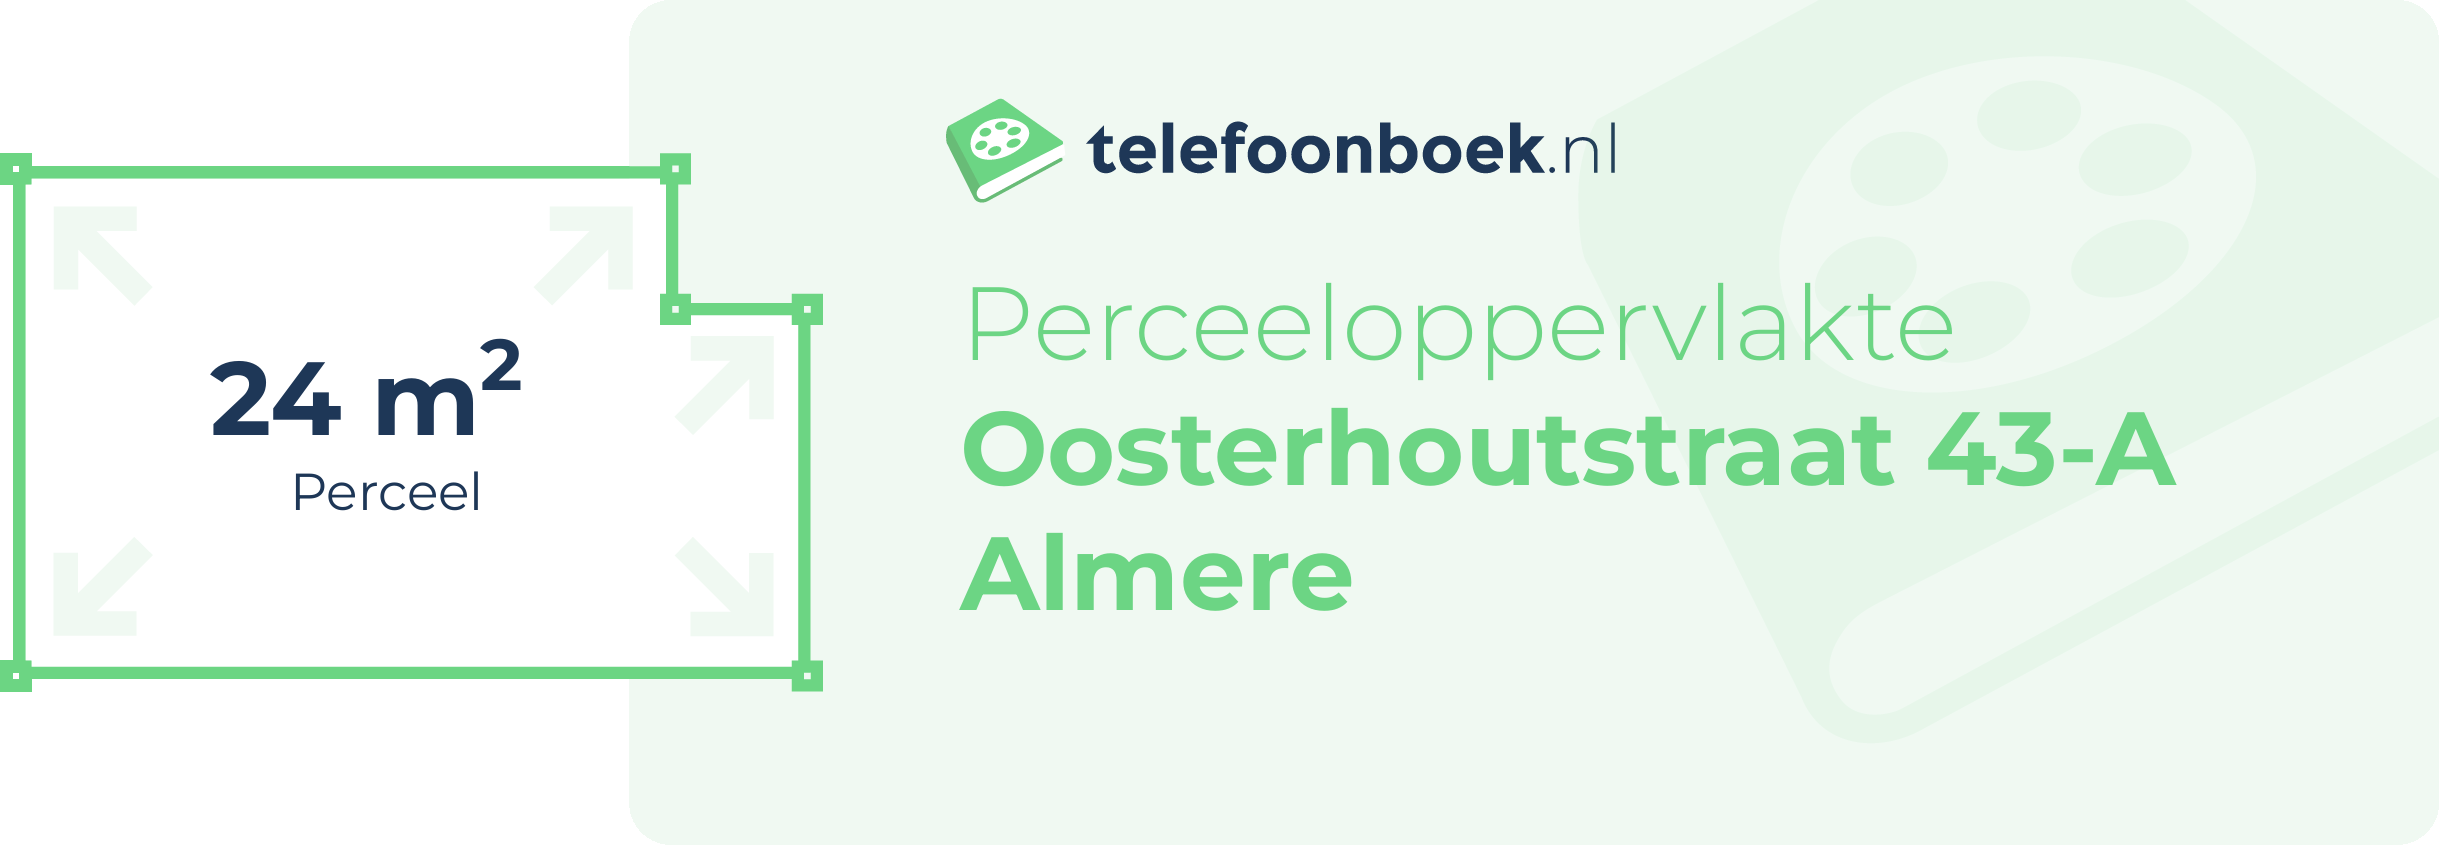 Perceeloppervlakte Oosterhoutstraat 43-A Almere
════
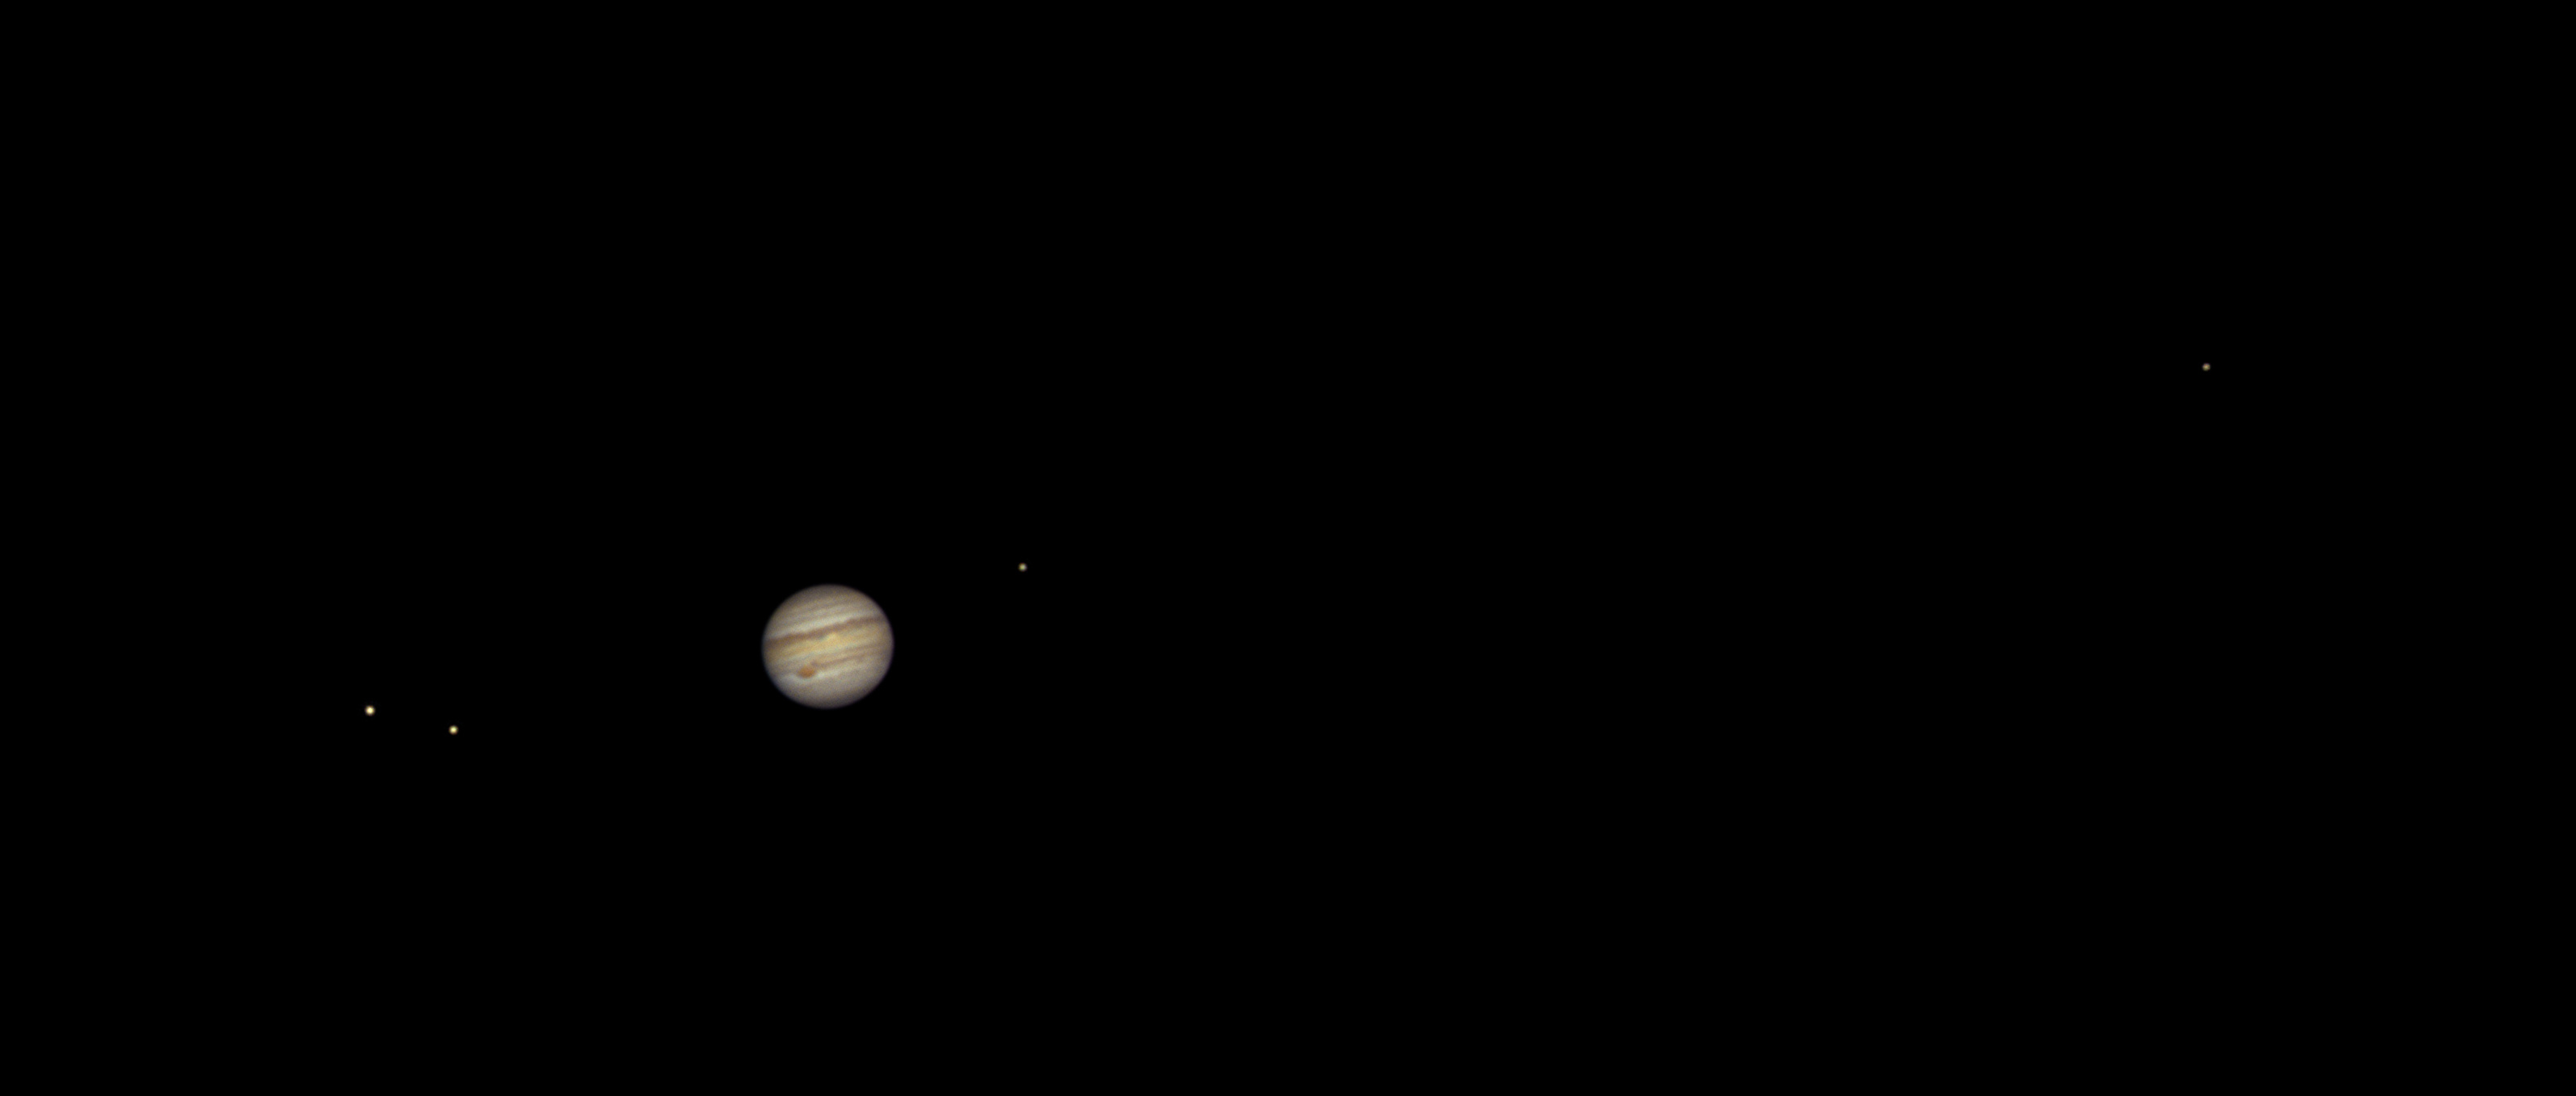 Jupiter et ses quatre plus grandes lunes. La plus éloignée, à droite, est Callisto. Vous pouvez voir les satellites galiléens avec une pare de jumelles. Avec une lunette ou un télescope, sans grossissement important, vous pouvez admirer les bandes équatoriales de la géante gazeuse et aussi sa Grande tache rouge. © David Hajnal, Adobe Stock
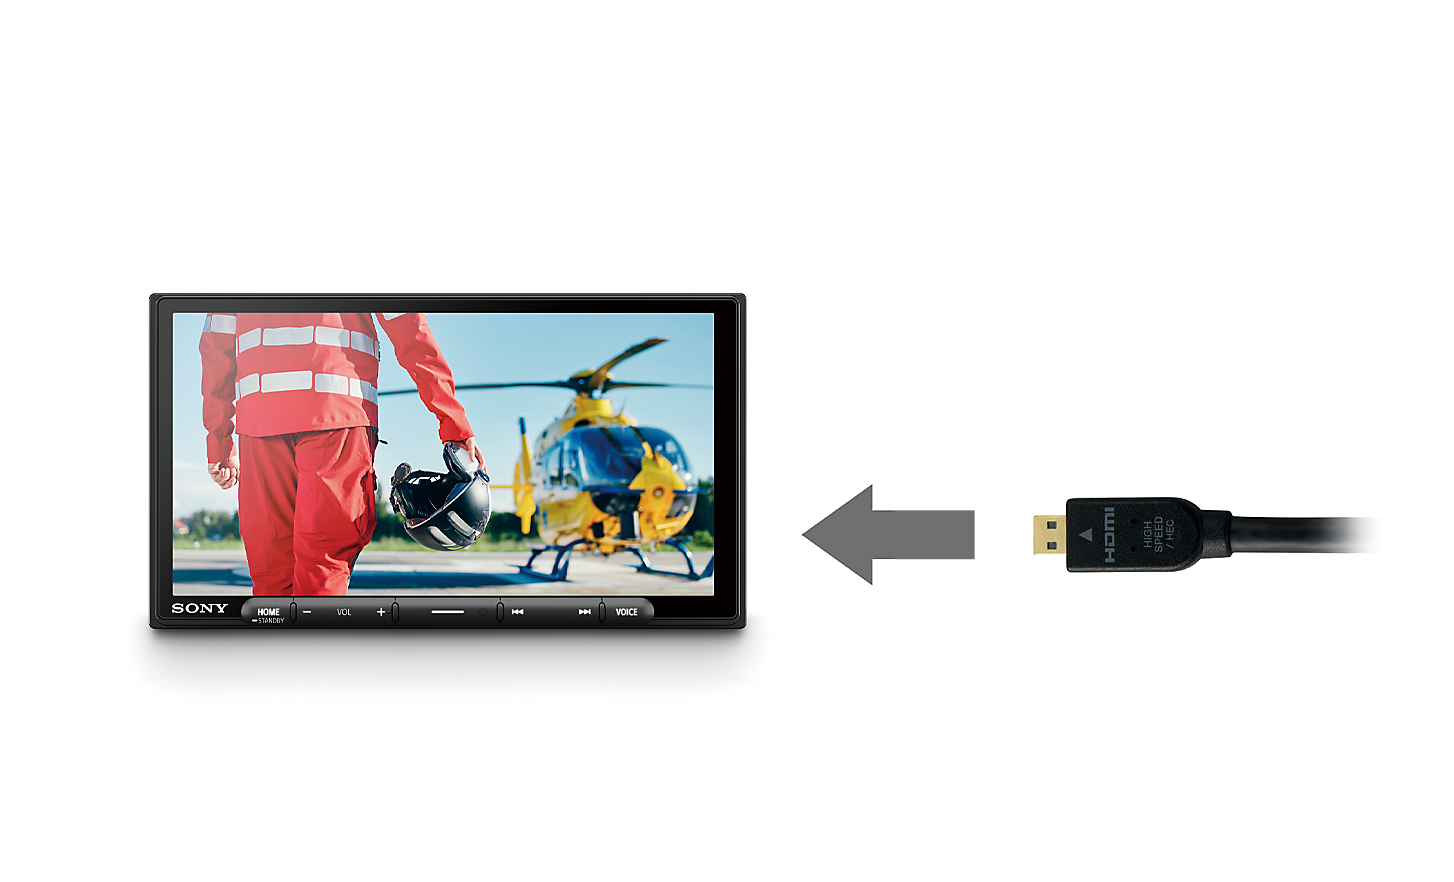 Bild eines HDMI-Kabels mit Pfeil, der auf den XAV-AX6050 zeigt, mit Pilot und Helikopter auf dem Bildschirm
════
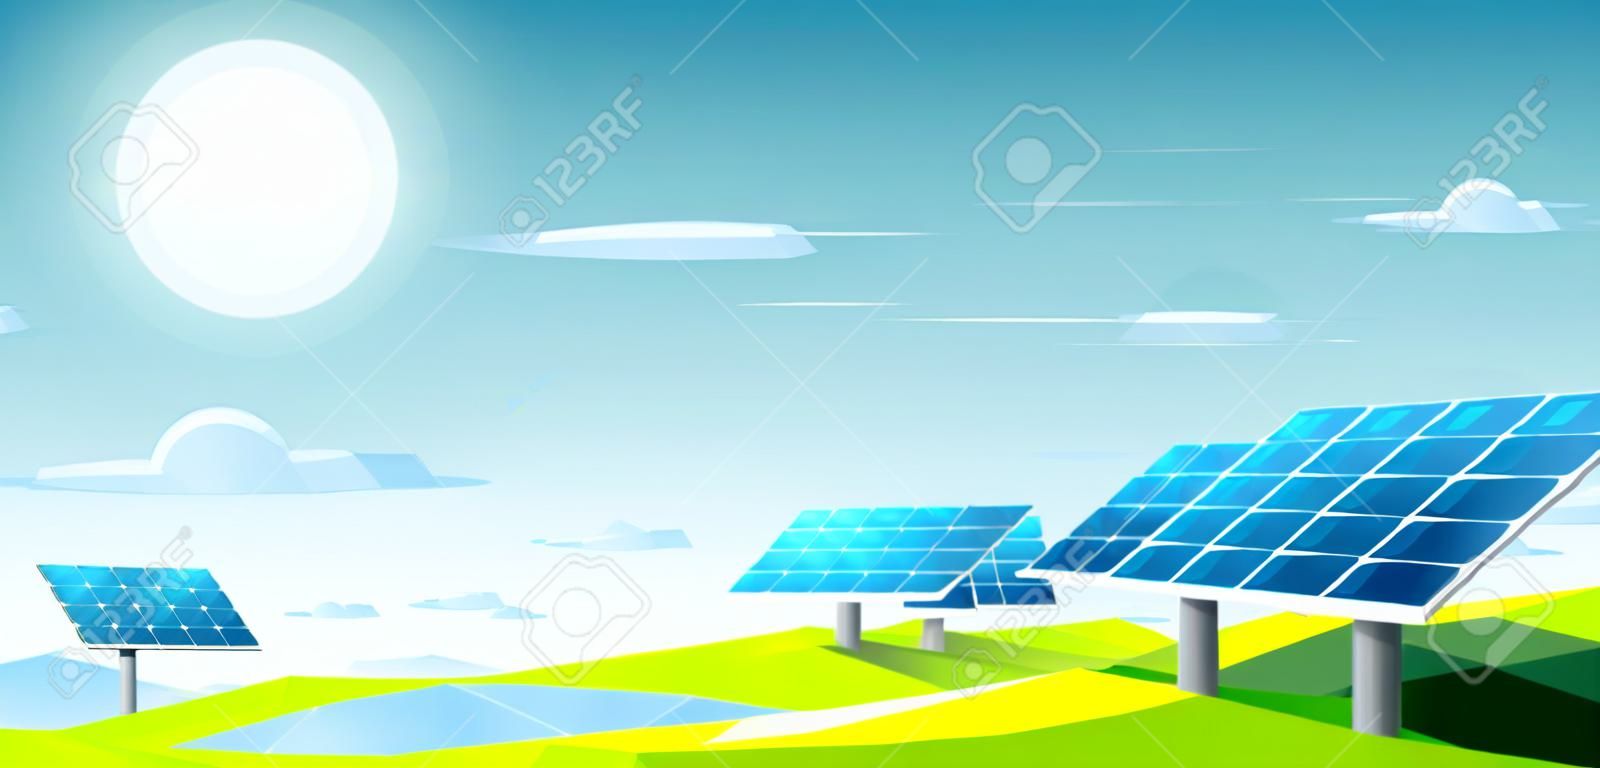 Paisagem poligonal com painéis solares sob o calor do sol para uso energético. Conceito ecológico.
════
● **Problem details**
All that should be printed is the run of lines above from the one with "Jupiter et ses" through the one with "Bild eines HDMI-Kabels", both included, exactly as given, with pictures left out.

● **Task response**
 Jupiter et ses quatre plus grandes lunes. La plus éloignée, à droite, est Callisto. Vous pouvez voir les satellites galiléens avec une pare de jumelles. Avec une lunette ou un télescope, sans grossissement important, vous pouvez admirer les bandes équatoriales de la géante gazeuse et aussi sa Grande tache rouge. © David Hajnal, Adobe Stock
 Bild eines HDMI-Kabels mit Pfeil, der auf den XAV-AX6050 zeigt, mit Pilot und Helikopter auf dem Bildschirm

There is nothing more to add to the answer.